For Cursor, there's a special file called .cursorrules
located in the root directory of the opened folder. What makes it special is that it allows you to modify Cursor's prompt to the backend LLM. In other words, all content in this file becomes part of the prompt sent to the backend AI, such as GPT or Claude. This provides us with great flexibility for customization.
For instance, we can put the content of the plan in this file, so every time we interact with Cursor, it receives the latest version of the plan. We can also give it more detailed instructions in this file, such as having it think through and create a plan at the start of a task, and update the plan after completing each step. Since Cursor can use agents to modify files, and .cursorrules
itself is a file, this creates a closed loop. It automatically reads the file's content each time, understands the latest updates, and after thinking, writes the updated progress and next steps to this file, ensuring we always have the most recent updates.
The self-evolution functionality can be implemented using a similar approach. In the .cursorrules
file, we add prompts that make Cursor reflect on its mistakes when corrected by users and consider if there are any reusable lessons to record. If there are, it updates the relevant section of the .cursorrules
file. This way, it can accumulate project-specific knowledge.
A typical example is that current LLMs, due to their relatively early knowledge cutoff date, many don't know about the GPT-4o model. If you ask them to call GPT-4o, they'll remove the 'o', thinking it's a typo.
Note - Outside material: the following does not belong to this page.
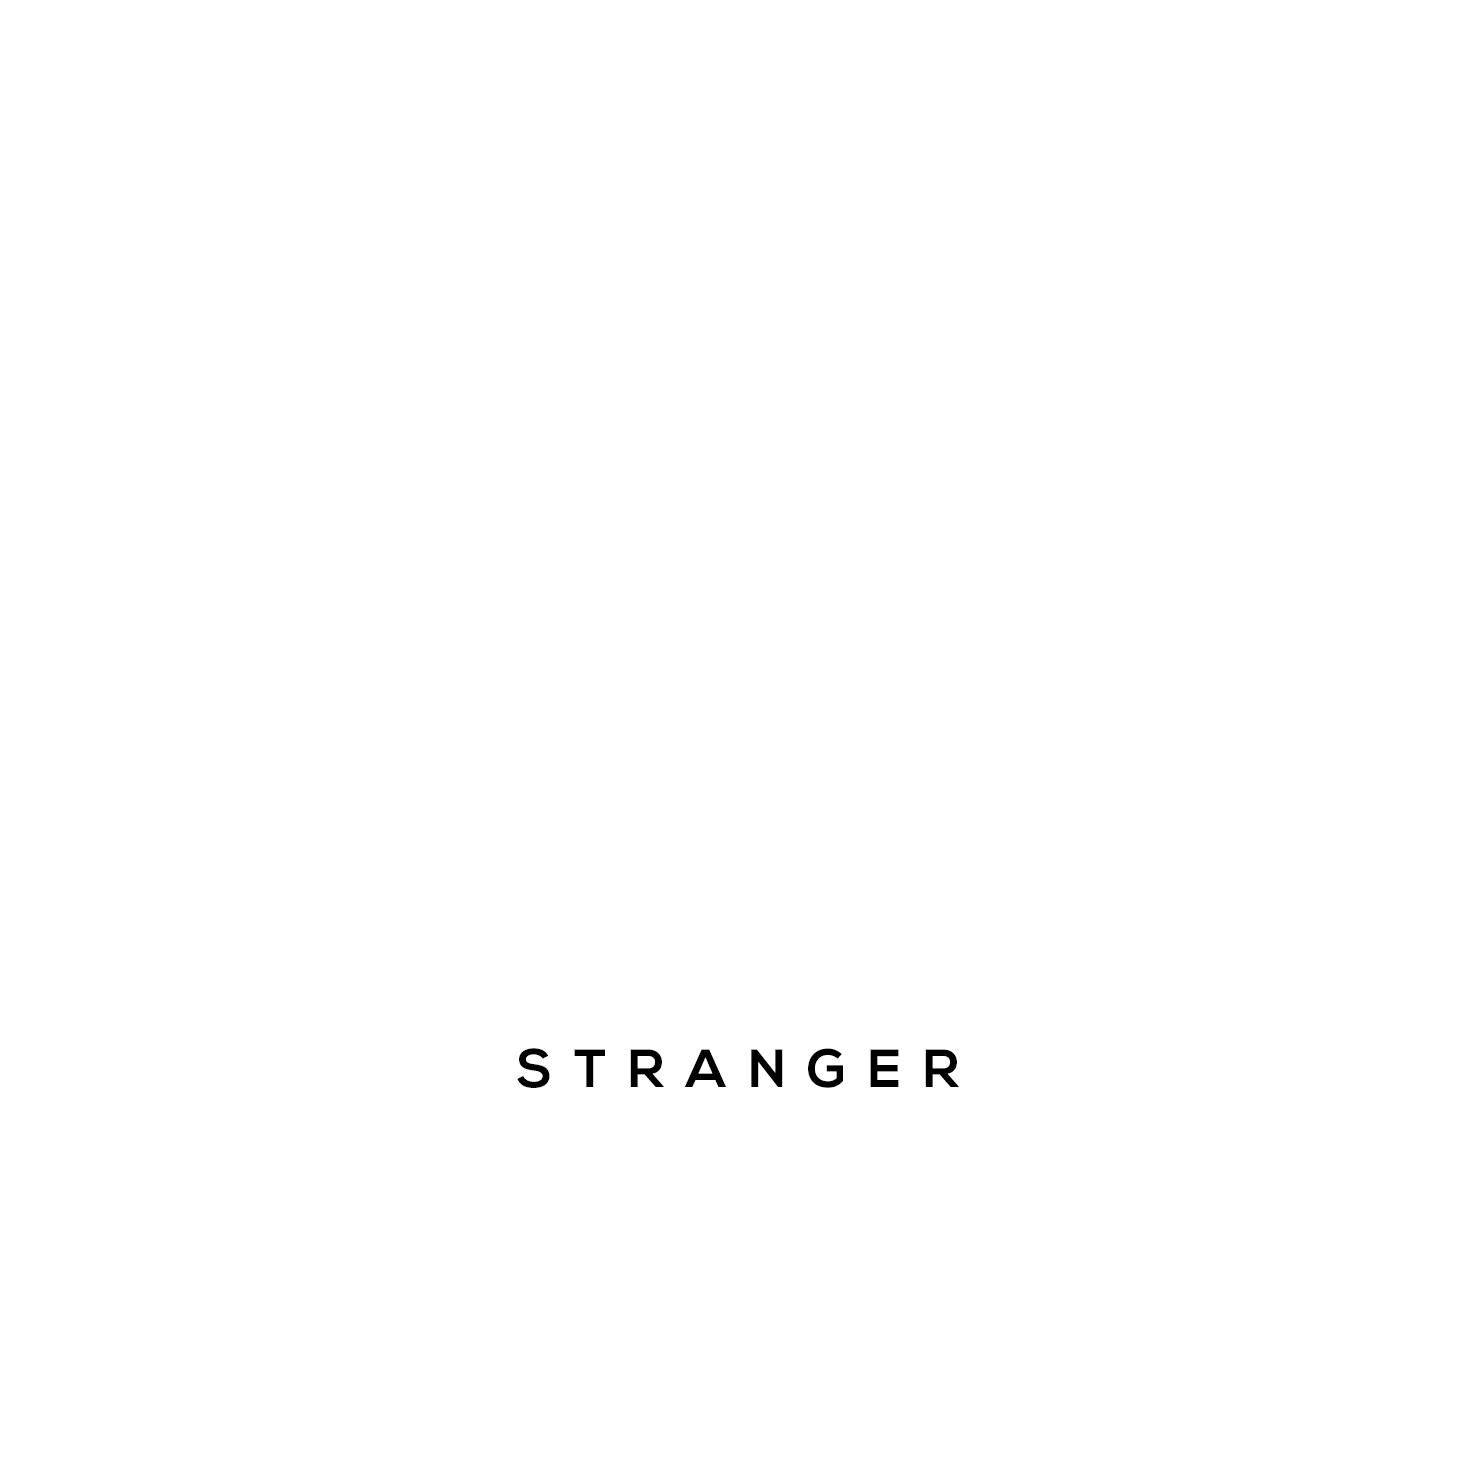 apey_stranger_cover.jpg

But if you correct them: "This model actually exists, you just don't know about it," they'll record this lesson in the relevant section of .cursorrules
, and won't make the same mistake again, thus achieving learning and improvement. However, this still depends on whether the prompt is effective - sometimes it might miss points, and won't necessarily record knowledge we think should be noted. In such cases, we can also nudge it using natural language, directly telling it to make a note of this. This more direct approach can also achieve experience accumulation and growth of the AI.
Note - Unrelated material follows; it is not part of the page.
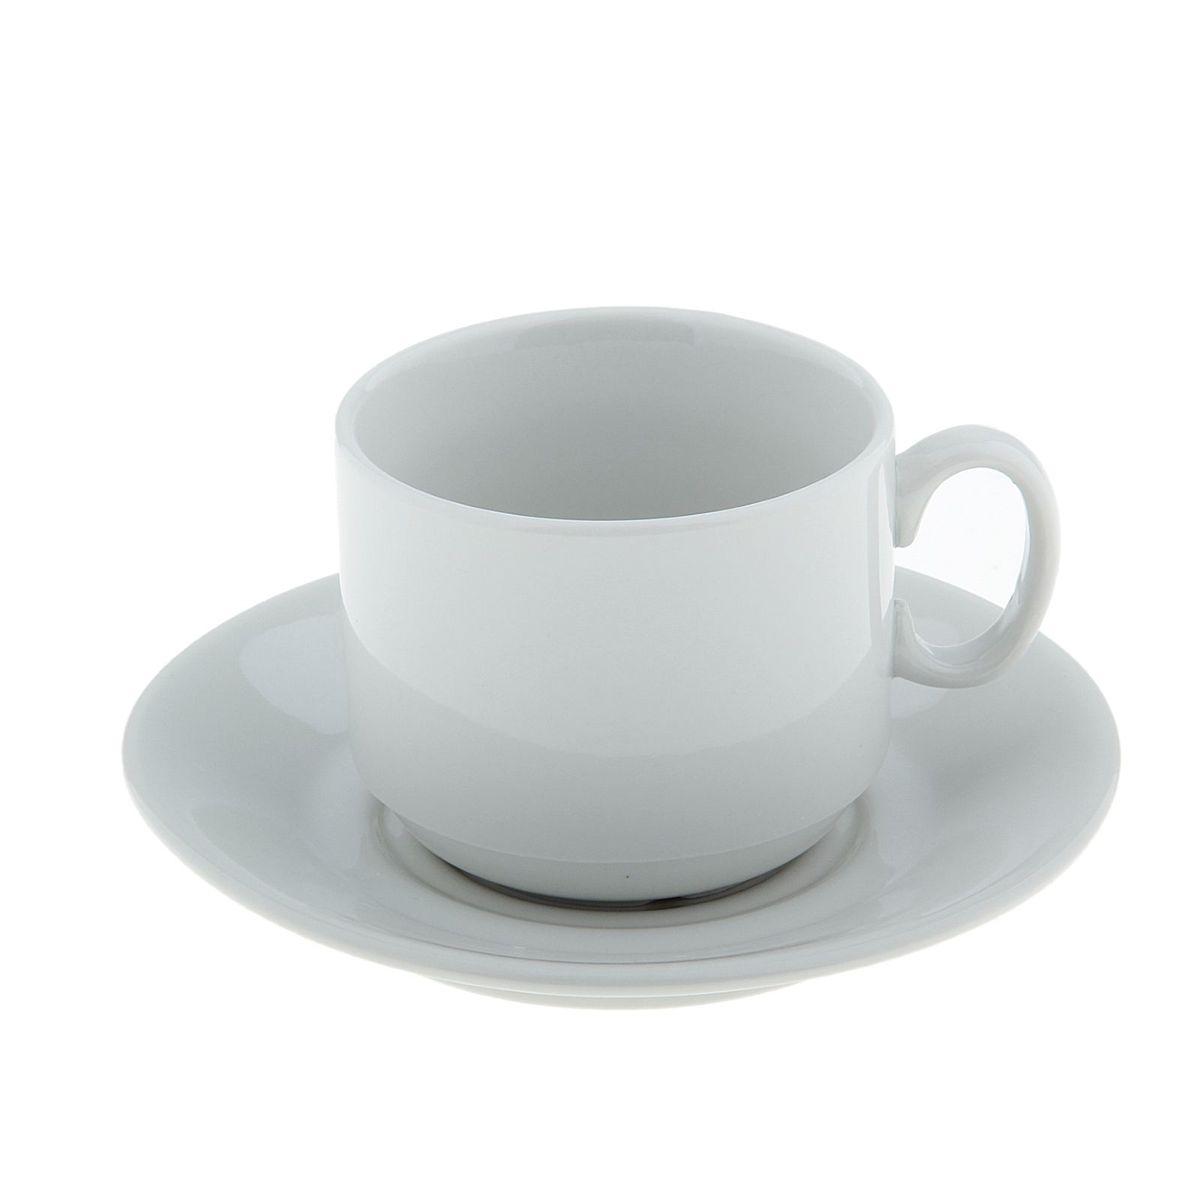 Чайная пара Экспресс. Белье, 2 предмета чайная пара кирмаш белье 2 предмета

Therefore, just by using the .cursorrules
file along with some prompting techniques, we can add Devin's impressive process planning and self-evolution capabilities to existing Agentic AI programming tools.
If using Windsurf, there's one difference: possibly for security reasons, it doesn't allow AI to directly modify the .windsurfrules
file. Therefore, we need to split it into two parts, using another file like scratchpad.md
. In the .windsurfrules
file, we mention: before each thinking process, you should check the Scratchpad and update the plan there. This indirect method might not be as effective as putting it directly in .cursorrules
, as it still requires the AI to call an agent and think based on the feedback results, but it works in practice.
Extended Tool Usage
Compared to Cursor, one of Devin's major advantages is its ability to use more tools. For example, it can call a browser to search, browse web pages, and even use its own brain to analyze content using LLM intelligence. While these aren't supported in Cursor by default, the good news is that because we can control Cursor's prompt directly through .cursorrules
, and it has command execution capabilities, this creates another closed loop. We can prepare pre-written programs, such as Python libraries or command-line tools, then introduce their usage in .cursorrules
, allowing it to learn on the fly and naturally understand how to use these tools to complete its tasks.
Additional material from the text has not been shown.